Хотел написать Вам несколько строк, и написал целых полтора листа. Чувствую необходимость беспрестанно говорить с Вами. Не обещаю писать в понедельник (завтра суббота), но и не ручаюсь, что не буду писать и что в будущую пятницу (23) Вы не получите от меня и еще письма, как получили его в воскресенье, в понедельник, во вторник и в середу.

Не хочется расстаться с Вами, мой добрый друг, моя милая Marie, – всё бы говорил и говорил. Подумайте обо всем, написанном мною, и посоветуйтесь с своим сердцем: на этого родственника у меня большая надежда, – может быть, он спасет меня; за то услышит он биение моего сердца, дружно и в лад отвечающее на его биение!.. Целую Вашу руку.

Ваш В. Белинский.


(NB. Письмо это пойдет 16 октября, в субботу).

242. М. В. Орловой

<18 октября 1843 г. Петербург.>

Октября 18

Мое положение и странно и невыносимо тяжело. У меня нет силы отказаться от надежды, что Вы приедете в Петербург, и я делаю приготовления, и один раз уже окликали нас. И в то же время я так вот и жду от Вас письма, в котором Вы уведомите меня, что свадьба наша отлагается до весны. Не знаю, какое именно действие произведет на меня такое благоразумное, резонабельное решение с Вашей стороны; но знаю, что это действие очень дурное, которое не раз заставит меня от искреннего сердца пожалеть, что я не умер, когда для этого стоило только отложить до завтра послать за доктором… Сверх того, меня беспокоит ужасно еще и эффект моего к Вам письма à la Собакевич (Вы его получили вчера, 17 октября, в воскресенье).{703} Со всех сторон беда, и всё худо, всё, потому что если бы Вы и согласились приехать, опасение и страх Вашей болезни – о боже мой! – как невыгодно родиться на этот свет фатальным!
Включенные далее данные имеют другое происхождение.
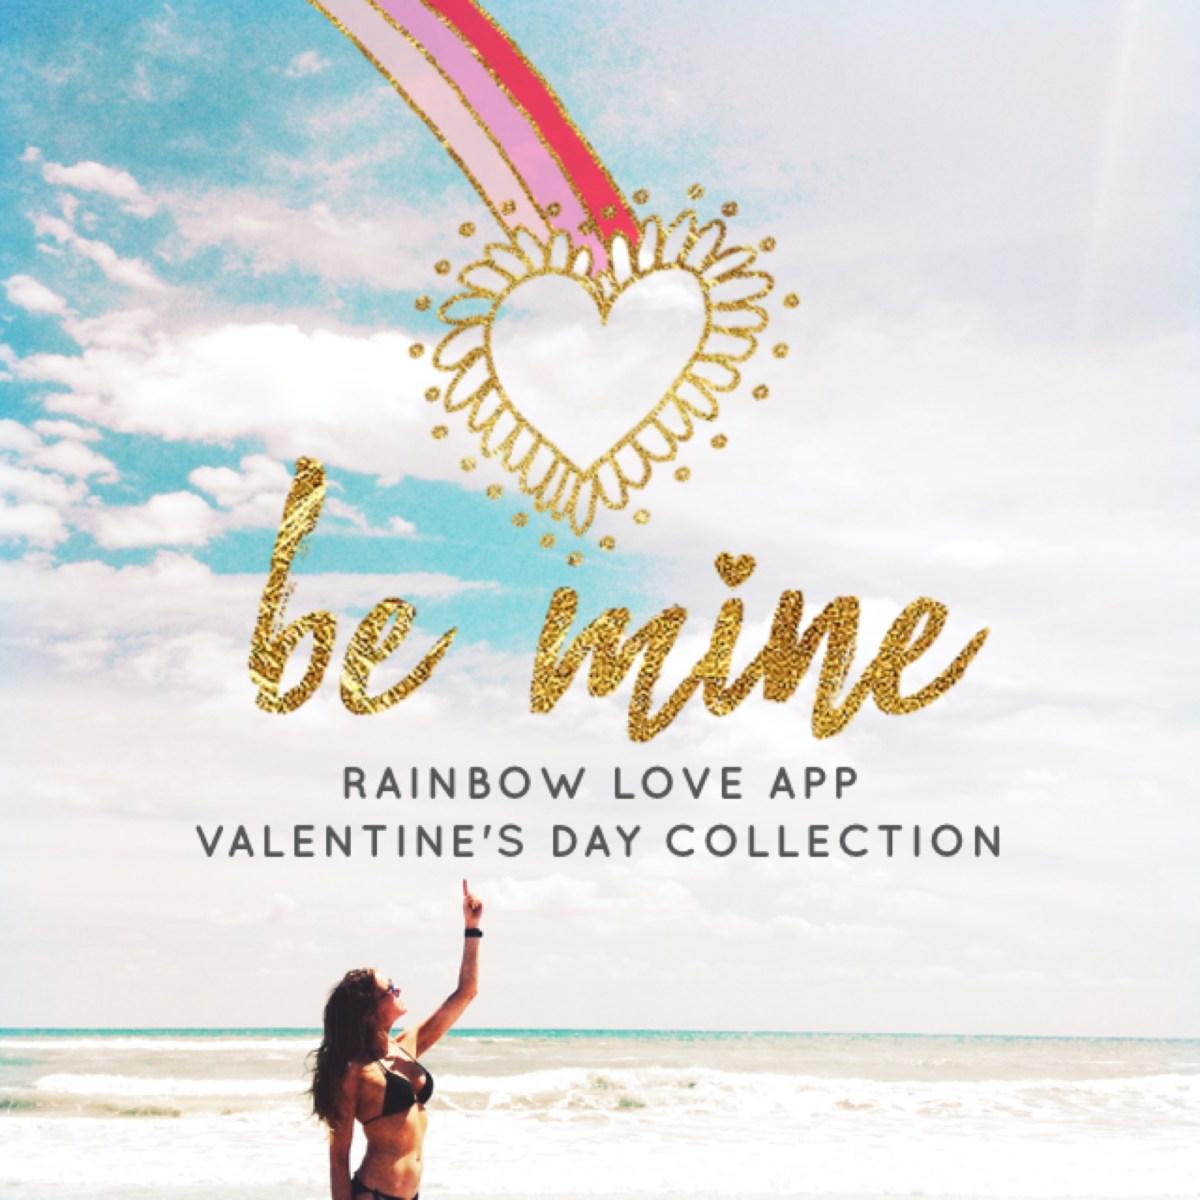 rainbow-love-app-valentines-day-photo-art-and-filters-make-a-rainbow-love-valentine-day-card-5

Сегодня видел я Вас во сне. Будто приехал я к вам в Сокольники поутру, обедать, вместе с Вашими родственниками. После обеда Вы ушли в свою комнату, и мне будто бы, по приличию, должно было сейчас же воротиться домой. И я пошел, неся в руках какую-то толстую книгу, которой мне не удалось Вам передать; отойдя на несколько шагов от Вашего дома, я увидел Вас: Вы гуляете в какой-то ruelle[136] между забором соседнего дома и своим флигелем, где торчали какие-то деревца. И я глядел на Вас издали с тоскою, и меня мучила мысль, что я не мог условиться с Вами о том, когда мне опять к Вам приехать. Всё это мне грезилось так живо, словно наяву, и теперь я полон мыслию о Сокольниках и живо вспоминаю все подробности моих поездок в Сокольники. Это было счастливое время! может быть, такого уже не будет для меня!

А всё родственники!..

Простите пока. Написал я Вам эти строки так, чтобы что-нибудь написать Вам. Ожидание Ваших писем обнаруживается во мне лихорадкою. Страшно получить, может быть, приговор целой жизни моей.

После болезни я чувствую себя гораздо лучше, чем до болезни. Это, вероятно, от пиявок, ибо меня душила кровь.

Прощайте.

Ваш В. Белинский.

243. М. В. Орловой

<20 октября 1843 г. Петербург.>

Октября 20

Сегодня опять видел Вас во сне, будто Вы приехали в Петербург и остановились у меня; я даже и не знал этого – прихожу домой и – застаю Вас у меня. Бог знает, что это значит. Говорят, сны надо толковать наоборот. Горе мне, если это так! Боже мой, до чего я поглупел: сны меня беспокоят, и я ломаю голову над толкованием их! А всё Вы виноваты!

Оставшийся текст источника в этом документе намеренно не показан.